The Limits of Dr. Google
There has been some chatter in recent years about how Google could be used as a barometer for major epidemics. The thought is that the world’s most popular search engine is able to do something few physicians can: build a fairly reliable snapshot of what humanity is thinking about at any given time. Sometimes this means queries about Newtown or the Mars Curiosity rover; other times it means a spike in medical queries. These are the harbingers of coming epidemics – or so the theory goes.
Last year, several news outlets reported that Google’s data crunching had correctly predicted that seasons’ flu trends based on geographic search trends. By watching when and where clusters of questions about fever and cough appeared, Google’s engineering whizzes could track the spread of influenza in real time, and predict its eventual penetration.

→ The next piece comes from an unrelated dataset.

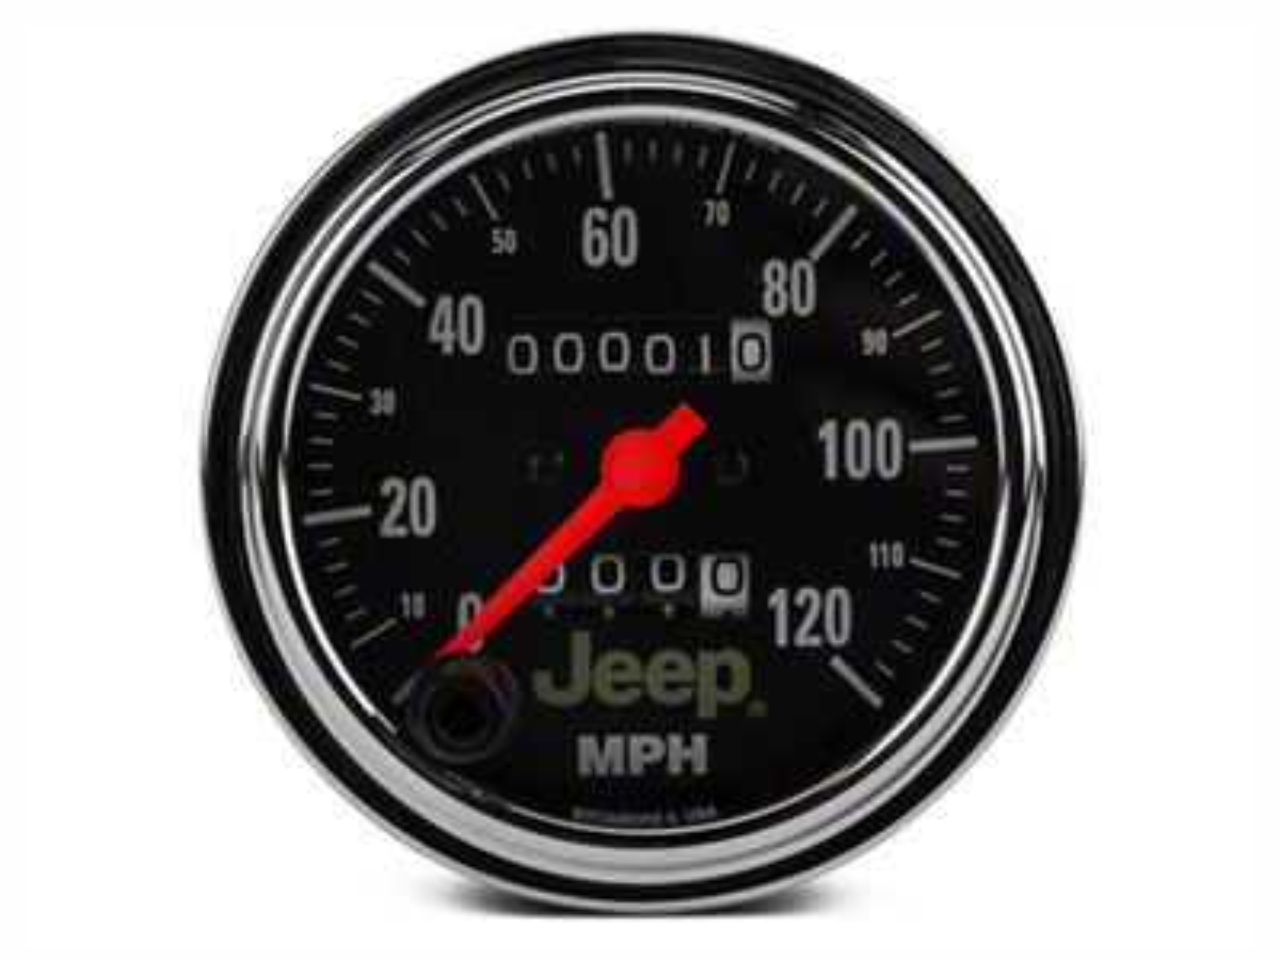 Auto Meter Speedometer Gauge - 0-120 MPH - Mechanical - Jeep Logo (87-18 Jeep Wrangler YJ, TJ, JK & JL)

This year, a loophole emerged.
It turns out that we search for information about the flu for two different reasons. The first is when we are suffering from flu-related symptoms. The second is when everybody keeps talking about how deadly this year’s flu outbreak will be. All the media coverage this year appears to have “wagged the dog,” as it were, leading Google to report widespread queries for the flu that didn’t comport with the eventual numbers:
But how did Google’s algorithm fare during this year’s fierce outbreak? Flu reached epidemic levels in January and–pertinent for the Flu Trends algorithm–was widely covered in the news. Would the widespread news coverage cause healthy people to enter influenza keywords into their search bars, thereby skewing Google’s results? We updated our graphic from last year to find out. Indeed, Google’s methods seem to wildly overstate the outbreak’s severity, outstripping the CDC’s figures by nearly a factor of two.
The moral: the Internet is good for many things, but when it comes to medicine, the best data we have are those supplied by actual human beings in the real world. Merely pondering the flu doesn’t make it so. When it comes to accurate predictive tools, the search goes on.